I have an experimental design for a GLMM as follows:
- independent variable: fixed factor with 3 levels, randomly assigned between groups (condition a, condition b, condition c)
- dependent variable: repeated measures over 4 trials with a dichotomous outcome (0,1) in each trial (trial 1, trial 2, trial 3, trial 4)
- covariates: age (continuous), order (for counterbalancing; order 1, order 2)
- participant ID (as random effects factor)
Similar studies (using t-tests or similar) have previously found an effect of around d = 0.6
I am struggling to understand how to calculate the sample size I need a priori. I have seen there are some packages available (e.g., simr, longpower, powerlmm, simglm), however, I think because I am in general a bit inexperienced with GLMMs I am having some difficulties in applying them to my example. I understand that I first need to create a simulated dataset, but I am not sure how to go about this.
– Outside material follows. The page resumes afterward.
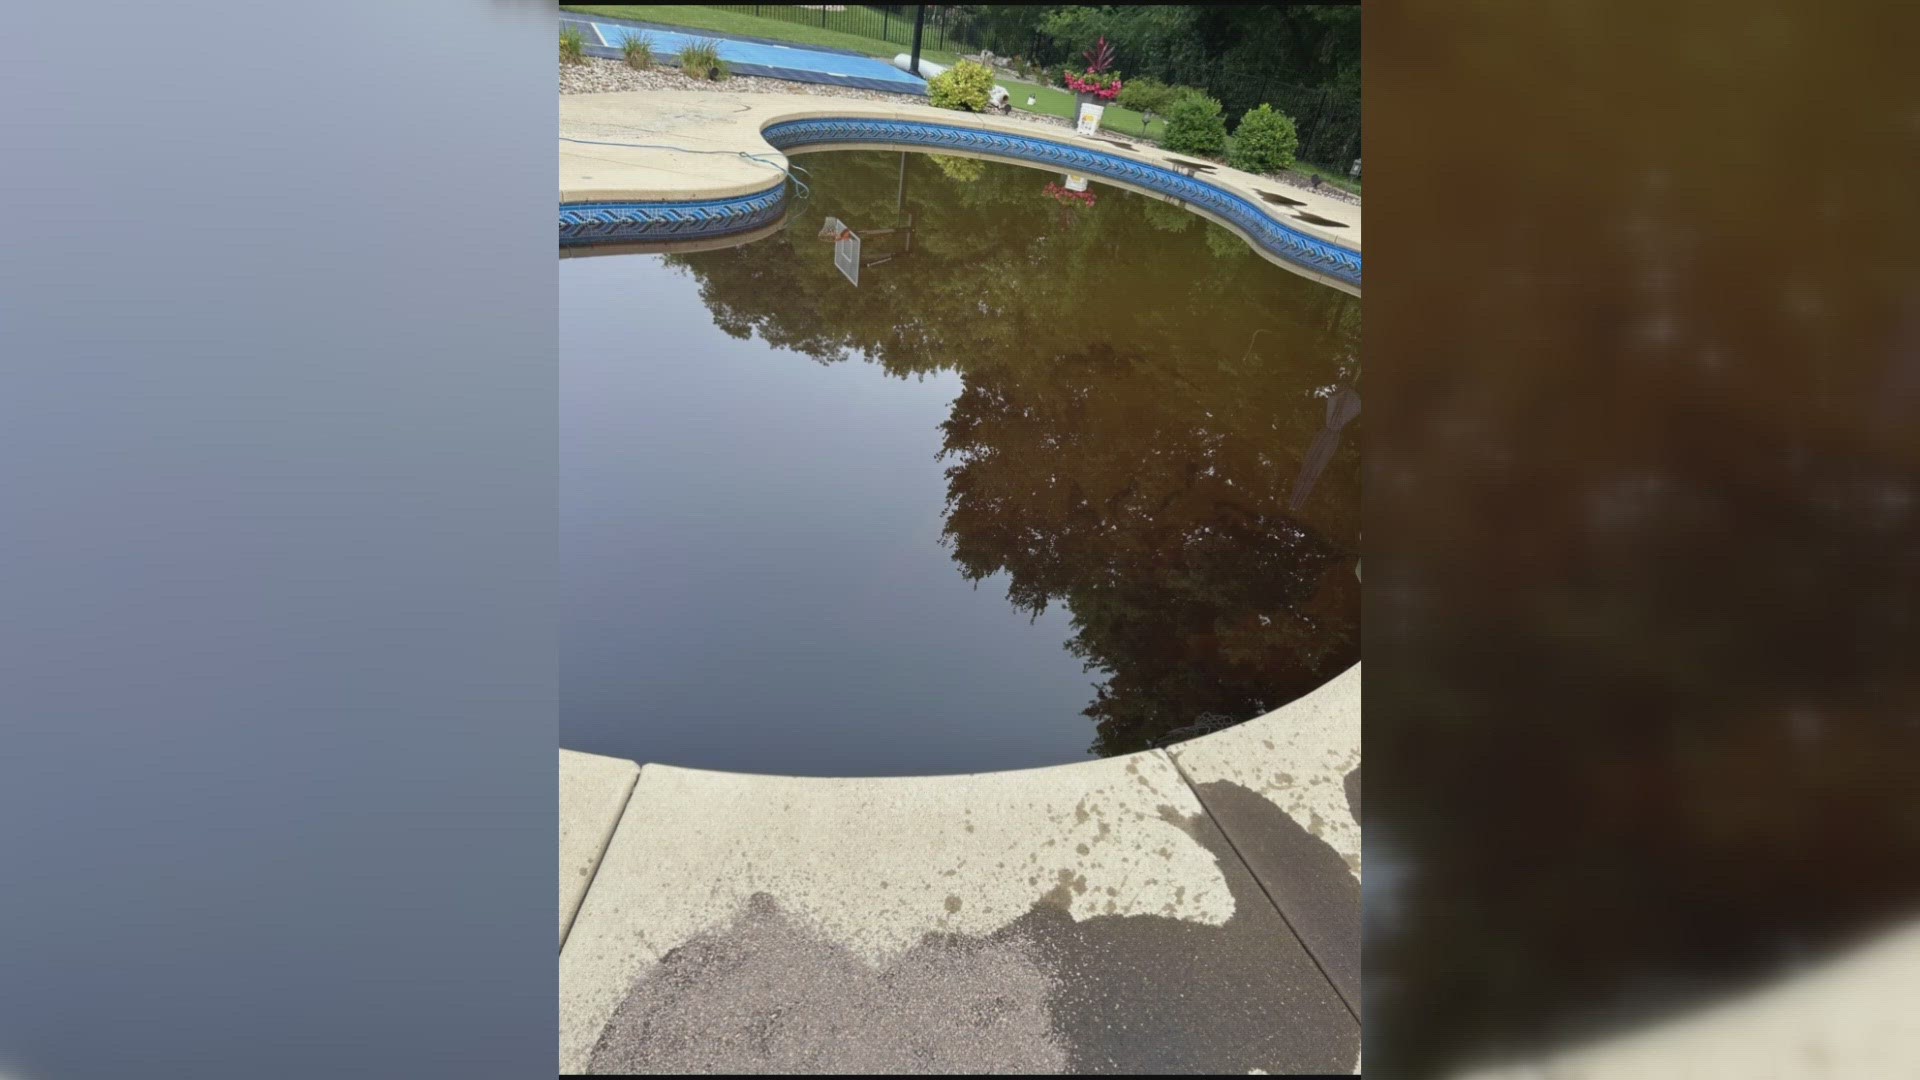 O'Fallon police are searching for the suspects behind this pool vandalization and more. The suspects also damaged home property.

I read through the following questions: Sample size calculation for mixed models
How can you compute sample size for a linear mixed model? G*Power only does repeated measures ANOVA
A priori power analysis for generalized linear mixed-effects model
Mixed effects model for power analysis to aid study design
I also tried following this tutorial but got stuck conceptually on how to create simulated data.
Could somebody point me in the right direction for how I could go about calculating power for this example?